# [TASK]
Write out the entries below exactly. End with the line that contains "Minced garlic and herbs on a wooden board.".

# [Recorded data]
————————
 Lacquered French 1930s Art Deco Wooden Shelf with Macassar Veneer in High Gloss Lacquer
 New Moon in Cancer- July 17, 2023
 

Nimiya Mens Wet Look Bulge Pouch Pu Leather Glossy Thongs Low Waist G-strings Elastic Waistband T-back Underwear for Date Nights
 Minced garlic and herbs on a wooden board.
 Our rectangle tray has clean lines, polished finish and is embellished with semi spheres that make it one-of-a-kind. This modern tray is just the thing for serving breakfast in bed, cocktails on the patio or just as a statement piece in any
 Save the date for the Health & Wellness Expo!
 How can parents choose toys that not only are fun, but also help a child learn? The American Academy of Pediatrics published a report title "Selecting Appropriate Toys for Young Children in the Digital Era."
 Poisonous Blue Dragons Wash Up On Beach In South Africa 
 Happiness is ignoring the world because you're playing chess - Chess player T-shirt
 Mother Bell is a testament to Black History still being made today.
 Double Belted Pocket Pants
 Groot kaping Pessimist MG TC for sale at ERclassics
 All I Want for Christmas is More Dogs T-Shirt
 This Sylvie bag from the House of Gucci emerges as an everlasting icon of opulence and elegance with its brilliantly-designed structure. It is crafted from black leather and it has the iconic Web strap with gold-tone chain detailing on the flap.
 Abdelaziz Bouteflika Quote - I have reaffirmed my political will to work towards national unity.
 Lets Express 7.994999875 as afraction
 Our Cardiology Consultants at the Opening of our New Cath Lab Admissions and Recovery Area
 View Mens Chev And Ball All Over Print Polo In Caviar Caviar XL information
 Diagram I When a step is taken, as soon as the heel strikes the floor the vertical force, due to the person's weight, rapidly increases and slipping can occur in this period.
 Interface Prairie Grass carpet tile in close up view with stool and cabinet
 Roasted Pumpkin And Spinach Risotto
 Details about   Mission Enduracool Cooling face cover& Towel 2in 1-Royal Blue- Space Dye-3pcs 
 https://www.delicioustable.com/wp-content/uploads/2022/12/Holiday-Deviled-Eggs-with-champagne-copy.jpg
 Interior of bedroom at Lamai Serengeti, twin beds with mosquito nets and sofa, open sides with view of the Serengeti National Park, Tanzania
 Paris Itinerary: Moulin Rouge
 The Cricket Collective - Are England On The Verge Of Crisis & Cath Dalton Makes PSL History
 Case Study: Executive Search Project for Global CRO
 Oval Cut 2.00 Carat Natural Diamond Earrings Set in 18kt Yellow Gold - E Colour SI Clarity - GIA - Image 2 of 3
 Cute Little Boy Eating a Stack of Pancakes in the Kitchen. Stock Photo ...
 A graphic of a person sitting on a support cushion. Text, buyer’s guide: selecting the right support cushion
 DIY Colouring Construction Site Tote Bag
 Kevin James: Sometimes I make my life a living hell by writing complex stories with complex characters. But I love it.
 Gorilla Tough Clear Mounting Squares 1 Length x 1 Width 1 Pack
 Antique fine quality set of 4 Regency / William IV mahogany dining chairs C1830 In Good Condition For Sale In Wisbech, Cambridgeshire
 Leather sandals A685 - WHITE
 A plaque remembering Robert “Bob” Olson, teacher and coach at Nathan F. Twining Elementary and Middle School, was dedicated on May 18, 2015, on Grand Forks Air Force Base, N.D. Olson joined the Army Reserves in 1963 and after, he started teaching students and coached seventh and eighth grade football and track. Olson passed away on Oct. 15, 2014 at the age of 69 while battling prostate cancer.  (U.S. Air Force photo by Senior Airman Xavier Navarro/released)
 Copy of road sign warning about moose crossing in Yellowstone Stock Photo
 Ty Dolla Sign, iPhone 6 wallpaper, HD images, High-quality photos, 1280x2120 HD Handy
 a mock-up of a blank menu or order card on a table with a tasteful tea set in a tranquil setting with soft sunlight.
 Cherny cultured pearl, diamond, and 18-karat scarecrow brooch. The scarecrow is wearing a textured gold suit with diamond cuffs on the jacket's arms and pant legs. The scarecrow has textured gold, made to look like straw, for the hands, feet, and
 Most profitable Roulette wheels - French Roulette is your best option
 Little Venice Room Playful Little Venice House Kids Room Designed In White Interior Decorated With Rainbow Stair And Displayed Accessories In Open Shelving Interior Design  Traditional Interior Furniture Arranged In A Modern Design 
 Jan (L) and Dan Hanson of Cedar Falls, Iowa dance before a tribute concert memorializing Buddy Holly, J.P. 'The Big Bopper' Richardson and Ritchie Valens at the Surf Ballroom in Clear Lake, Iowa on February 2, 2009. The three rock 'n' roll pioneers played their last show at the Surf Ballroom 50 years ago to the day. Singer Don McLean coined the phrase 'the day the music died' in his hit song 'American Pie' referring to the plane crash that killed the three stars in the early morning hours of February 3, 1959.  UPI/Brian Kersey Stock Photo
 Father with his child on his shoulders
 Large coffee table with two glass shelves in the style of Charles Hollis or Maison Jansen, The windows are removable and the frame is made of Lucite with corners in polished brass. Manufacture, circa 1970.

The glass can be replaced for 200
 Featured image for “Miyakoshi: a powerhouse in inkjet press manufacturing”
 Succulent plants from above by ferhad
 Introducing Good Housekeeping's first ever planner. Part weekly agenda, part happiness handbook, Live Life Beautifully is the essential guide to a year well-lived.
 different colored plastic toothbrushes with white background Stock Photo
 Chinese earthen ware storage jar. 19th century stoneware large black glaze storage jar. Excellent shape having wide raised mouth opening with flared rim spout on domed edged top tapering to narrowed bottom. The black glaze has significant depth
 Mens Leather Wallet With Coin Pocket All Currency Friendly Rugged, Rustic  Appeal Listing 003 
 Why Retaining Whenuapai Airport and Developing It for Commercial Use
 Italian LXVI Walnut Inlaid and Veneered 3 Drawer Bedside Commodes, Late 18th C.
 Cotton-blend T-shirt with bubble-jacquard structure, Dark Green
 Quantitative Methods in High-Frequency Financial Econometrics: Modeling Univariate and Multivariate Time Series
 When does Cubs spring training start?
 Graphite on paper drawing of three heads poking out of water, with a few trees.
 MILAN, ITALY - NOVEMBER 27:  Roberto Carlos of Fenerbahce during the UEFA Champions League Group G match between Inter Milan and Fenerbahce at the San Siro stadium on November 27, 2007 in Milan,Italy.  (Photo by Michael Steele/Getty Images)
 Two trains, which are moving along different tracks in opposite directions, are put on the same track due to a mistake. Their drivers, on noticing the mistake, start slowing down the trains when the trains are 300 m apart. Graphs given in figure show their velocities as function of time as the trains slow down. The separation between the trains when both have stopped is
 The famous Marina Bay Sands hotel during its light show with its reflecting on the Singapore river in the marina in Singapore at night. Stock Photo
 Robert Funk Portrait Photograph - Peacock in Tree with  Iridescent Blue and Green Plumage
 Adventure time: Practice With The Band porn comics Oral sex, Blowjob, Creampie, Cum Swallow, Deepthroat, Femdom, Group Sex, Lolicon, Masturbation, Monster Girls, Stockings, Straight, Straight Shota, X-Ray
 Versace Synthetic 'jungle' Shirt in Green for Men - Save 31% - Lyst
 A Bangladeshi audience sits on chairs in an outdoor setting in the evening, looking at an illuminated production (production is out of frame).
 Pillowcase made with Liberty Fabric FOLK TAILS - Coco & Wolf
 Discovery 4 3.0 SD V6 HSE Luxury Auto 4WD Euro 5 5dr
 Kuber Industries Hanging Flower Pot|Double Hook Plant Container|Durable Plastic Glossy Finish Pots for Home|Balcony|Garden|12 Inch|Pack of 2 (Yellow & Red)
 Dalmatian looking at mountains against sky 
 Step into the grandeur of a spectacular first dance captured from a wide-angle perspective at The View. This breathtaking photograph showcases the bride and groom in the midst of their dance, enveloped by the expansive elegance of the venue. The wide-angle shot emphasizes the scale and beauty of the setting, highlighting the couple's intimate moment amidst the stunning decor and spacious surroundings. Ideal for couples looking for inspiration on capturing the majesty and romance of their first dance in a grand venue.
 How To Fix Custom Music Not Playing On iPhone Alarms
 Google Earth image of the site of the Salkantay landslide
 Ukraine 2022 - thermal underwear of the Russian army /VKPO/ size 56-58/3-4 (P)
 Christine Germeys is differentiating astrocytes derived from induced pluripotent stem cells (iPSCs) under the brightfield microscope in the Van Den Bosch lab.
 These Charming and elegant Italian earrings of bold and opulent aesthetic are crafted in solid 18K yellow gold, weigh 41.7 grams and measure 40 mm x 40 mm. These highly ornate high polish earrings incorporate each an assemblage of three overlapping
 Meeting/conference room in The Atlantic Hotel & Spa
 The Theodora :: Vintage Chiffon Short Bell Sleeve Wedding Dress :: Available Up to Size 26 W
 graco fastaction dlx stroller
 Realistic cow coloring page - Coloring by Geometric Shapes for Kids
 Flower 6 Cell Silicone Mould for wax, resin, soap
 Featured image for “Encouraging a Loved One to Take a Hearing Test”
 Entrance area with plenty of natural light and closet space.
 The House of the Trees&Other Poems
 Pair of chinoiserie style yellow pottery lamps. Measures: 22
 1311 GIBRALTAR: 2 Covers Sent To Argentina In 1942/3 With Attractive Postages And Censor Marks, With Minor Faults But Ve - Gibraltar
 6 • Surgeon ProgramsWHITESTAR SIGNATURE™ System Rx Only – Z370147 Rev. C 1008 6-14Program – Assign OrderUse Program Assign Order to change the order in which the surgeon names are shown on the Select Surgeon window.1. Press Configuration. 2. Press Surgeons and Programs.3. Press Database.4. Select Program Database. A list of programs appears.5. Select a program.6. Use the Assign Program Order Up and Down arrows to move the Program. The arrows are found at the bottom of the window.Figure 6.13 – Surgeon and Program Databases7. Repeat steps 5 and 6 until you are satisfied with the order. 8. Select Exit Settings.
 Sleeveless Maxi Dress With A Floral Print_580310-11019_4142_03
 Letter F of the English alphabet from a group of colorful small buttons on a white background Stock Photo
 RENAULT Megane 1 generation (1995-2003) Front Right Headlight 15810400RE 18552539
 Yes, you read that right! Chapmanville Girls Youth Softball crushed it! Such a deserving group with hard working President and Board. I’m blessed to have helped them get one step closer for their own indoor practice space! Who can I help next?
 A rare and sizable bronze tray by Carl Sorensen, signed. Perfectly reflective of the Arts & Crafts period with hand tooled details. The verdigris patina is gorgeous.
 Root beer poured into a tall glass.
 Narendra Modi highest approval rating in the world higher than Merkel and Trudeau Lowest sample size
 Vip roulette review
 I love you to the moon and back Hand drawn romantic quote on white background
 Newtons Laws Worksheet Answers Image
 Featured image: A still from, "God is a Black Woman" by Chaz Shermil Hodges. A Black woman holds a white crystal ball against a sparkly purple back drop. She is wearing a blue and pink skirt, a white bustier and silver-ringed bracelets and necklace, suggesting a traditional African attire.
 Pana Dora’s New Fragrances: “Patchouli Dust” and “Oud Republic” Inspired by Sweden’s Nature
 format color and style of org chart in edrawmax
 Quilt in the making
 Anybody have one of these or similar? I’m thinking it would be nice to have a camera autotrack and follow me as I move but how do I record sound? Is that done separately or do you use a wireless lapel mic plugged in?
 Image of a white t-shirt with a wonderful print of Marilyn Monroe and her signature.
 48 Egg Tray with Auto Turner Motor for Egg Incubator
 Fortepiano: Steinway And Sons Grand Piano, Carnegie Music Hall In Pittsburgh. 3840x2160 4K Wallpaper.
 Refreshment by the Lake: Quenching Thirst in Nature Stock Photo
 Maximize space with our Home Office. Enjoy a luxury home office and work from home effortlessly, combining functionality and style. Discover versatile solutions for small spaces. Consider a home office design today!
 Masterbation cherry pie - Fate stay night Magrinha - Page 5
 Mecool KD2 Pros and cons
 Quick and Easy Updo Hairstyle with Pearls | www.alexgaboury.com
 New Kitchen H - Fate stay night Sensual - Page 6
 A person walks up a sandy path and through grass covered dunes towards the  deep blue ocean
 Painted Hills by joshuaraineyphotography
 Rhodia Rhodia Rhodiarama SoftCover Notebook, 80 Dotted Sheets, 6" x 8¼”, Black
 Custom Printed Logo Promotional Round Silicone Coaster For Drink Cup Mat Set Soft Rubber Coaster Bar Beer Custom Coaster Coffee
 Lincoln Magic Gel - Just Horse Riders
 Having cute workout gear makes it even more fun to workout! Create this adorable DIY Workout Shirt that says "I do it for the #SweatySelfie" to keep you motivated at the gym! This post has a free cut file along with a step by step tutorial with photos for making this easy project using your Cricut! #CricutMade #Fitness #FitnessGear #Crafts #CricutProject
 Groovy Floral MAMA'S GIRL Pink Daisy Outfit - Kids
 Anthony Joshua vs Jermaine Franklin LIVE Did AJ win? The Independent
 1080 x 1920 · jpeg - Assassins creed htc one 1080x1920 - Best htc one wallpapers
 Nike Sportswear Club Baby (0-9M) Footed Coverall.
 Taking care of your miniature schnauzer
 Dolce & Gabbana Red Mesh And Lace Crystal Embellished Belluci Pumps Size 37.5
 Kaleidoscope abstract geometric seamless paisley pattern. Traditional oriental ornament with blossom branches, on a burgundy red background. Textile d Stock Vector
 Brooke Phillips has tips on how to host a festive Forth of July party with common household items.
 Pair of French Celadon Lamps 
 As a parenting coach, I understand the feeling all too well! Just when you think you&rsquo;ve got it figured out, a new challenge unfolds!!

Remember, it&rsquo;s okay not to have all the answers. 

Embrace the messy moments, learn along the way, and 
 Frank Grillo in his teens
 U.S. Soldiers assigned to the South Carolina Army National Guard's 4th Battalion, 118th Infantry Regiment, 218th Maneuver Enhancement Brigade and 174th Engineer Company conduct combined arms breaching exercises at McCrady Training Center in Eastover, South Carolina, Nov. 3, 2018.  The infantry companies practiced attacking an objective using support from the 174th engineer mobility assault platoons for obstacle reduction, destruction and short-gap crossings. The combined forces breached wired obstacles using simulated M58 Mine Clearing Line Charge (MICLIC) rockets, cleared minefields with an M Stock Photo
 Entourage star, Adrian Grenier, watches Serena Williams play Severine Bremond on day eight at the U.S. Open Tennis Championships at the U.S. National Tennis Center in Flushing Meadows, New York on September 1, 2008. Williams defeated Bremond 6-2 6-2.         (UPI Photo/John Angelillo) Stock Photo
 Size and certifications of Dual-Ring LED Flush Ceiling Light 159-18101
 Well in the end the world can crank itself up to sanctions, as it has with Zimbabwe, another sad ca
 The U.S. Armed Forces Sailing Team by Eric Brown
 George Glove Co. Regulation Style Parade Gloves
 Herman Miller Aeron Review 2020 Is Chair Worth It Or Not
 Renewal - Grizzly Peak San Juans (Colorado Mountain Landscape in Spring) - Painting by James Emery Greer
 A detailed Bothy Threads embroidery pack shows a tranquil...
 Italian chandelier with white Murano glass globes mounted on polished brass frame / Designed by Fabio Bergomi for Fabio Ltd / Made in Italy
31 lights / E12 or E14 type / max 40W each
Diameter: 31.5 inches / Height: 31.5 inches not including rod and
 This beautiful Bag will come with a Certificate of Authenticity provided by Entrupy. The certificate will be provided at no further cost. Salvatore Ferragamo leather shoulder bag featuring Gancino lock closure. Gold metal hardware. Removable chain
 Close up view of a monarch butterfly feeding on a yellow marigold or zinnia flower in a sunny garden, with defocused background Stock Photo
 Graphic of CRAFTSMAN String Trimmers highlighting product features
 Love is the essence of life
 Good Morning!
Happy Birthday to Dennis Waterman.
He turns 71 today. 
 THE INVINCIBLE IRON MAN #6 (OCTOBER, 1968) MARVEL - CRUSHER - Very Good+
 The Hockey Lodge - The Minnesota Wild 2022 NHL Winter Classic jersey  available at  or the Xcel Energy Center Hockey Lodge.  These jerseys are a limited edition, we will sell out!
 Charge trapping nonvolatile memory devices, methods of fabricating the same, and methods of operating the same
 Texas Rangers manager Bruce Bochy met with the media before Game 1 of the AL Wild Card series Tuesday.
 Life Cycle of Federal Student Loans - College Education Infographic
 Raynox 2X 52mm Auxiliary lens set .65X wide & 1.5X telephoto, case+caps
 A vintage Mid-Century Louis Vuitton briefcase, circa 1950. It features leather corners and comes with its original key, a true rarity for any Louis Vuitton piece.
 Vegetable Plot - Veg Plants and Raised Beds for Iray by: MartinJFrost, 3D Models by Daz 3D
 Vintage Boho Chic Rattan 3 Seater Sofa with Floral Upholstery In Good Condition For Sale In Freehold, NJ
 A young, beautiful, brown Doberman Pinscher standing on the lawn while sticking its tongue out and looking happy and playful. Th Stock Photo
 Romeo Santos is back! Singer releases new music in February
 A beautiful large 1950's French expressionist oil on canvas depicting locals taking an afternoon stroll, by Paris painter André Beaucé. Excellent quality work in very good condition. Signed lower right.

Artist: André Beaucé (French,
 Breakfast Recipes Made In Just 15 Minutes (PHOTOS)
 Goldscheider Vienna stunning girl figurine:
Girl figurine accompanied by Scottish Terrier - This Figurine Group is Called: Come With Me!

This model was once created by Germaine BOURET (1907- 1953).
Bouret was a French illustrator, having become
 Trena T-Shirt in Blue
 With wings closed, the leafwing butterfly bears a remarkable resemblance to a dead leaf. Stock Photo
————————
# [ANSWER AREA]
 Lacquered French 1930s Art Deco Wooden Shelf with Macassar Veneer in High Gloss Lacquer
 New Moon in Cancer- July 17, 2023
 

Nimiya Mens Wet Look Bulge Pouch Pu Leather Glossy Thongs Low Waist G-strings Elastic Waistband T-back Underwear for Date Nights
 Minced garlic and herbs on a wooden board.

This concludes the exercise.